The present invention relates to the field of medicine, and more particularly to a pharmaceutical composition of ampicillin sodium and sulbactam sodium.

Background technique

Ampicillin sodium and sulbactam sodium are medically injectable drugs. The aliases are sultacillin, Youlixin, Shuoxinxin, Youlixin, Shuxicillin, Ampicillin-Sulbactam. Its antibacterial mechanism is the same as that of penicillin G. It binds to the main penicillin binding protein (PBPs) of bacteria and interferes with the synthesis of bacterial cell wall to play an antibacterial role. Its action is characterized by a broad spectrum and is not resistant to penicillinase. It is suitable for the treatment of sensitive bacteria, including respiratory infections caused by β-lactamase producing strains, hepatobiliary infections, urinary tract infections, and skin and soft tissue infections. Treatment of aerobic and anaerobic mixed infections, especially abdominal infections and pelvic infections.

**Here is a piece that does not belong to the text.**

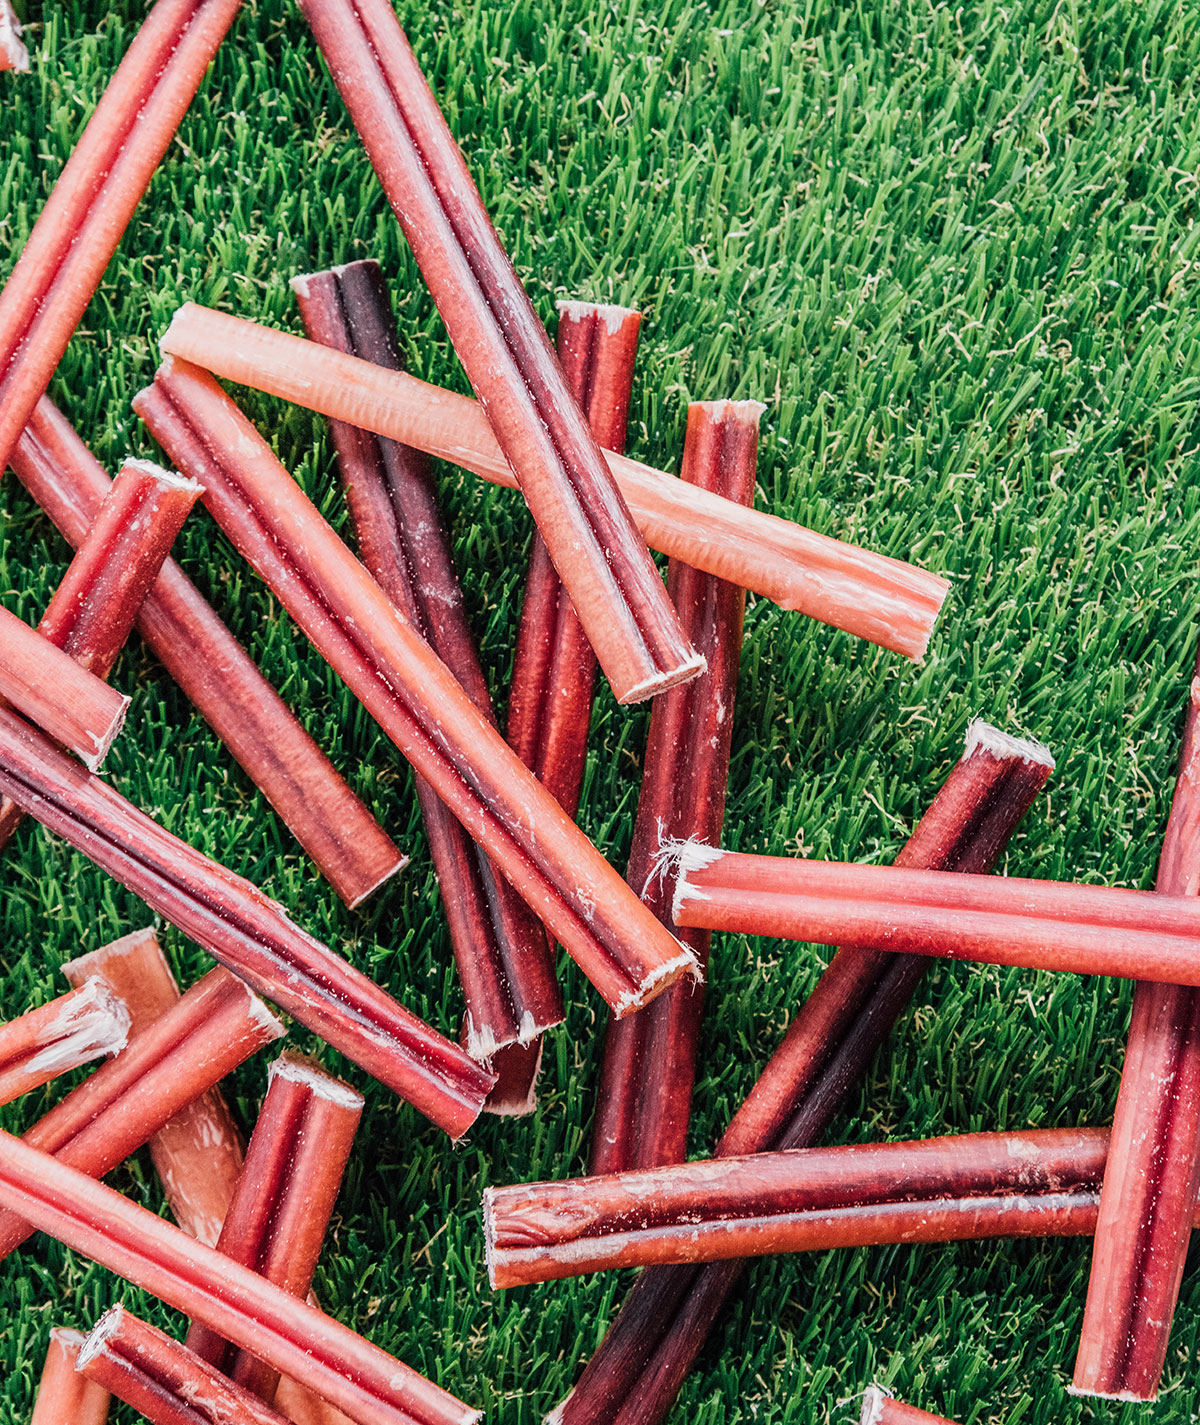 Bully sticks spread out on grass with some overlapped on each other.

However, ampicillin sodium and sulbactam sodium are unstable during production and storage, and are easy to introduce impurities. For example, there are residual solvents in the production process, and other polymers are degraded during storage. These impurities may cause allergies in clinical use. Adverse reactions, which have a serious impact on the safety of medication, are not conducive to safe clinical use.

Summary of the invention

The invention provides a pharmaceutical composition of ampicillin sodium and sulbactam sodium, which is prepared by using ampicillin sodium and sulbactam sodium with specific specific rotation, can improve the stability of the drug and improve the safety of the drug. .

In order to solve the above technical problems, the present invention adopts the following technical solutions:

Medicinal composition of ampicillin sodium and sulbactam sodium, comprising sulbactam sodium and specific rotation It is composed of ampicillin sodium of +264° to +269°, wherein the mass ratio of ampicillin sodium to sulbactam sodium is 2:1.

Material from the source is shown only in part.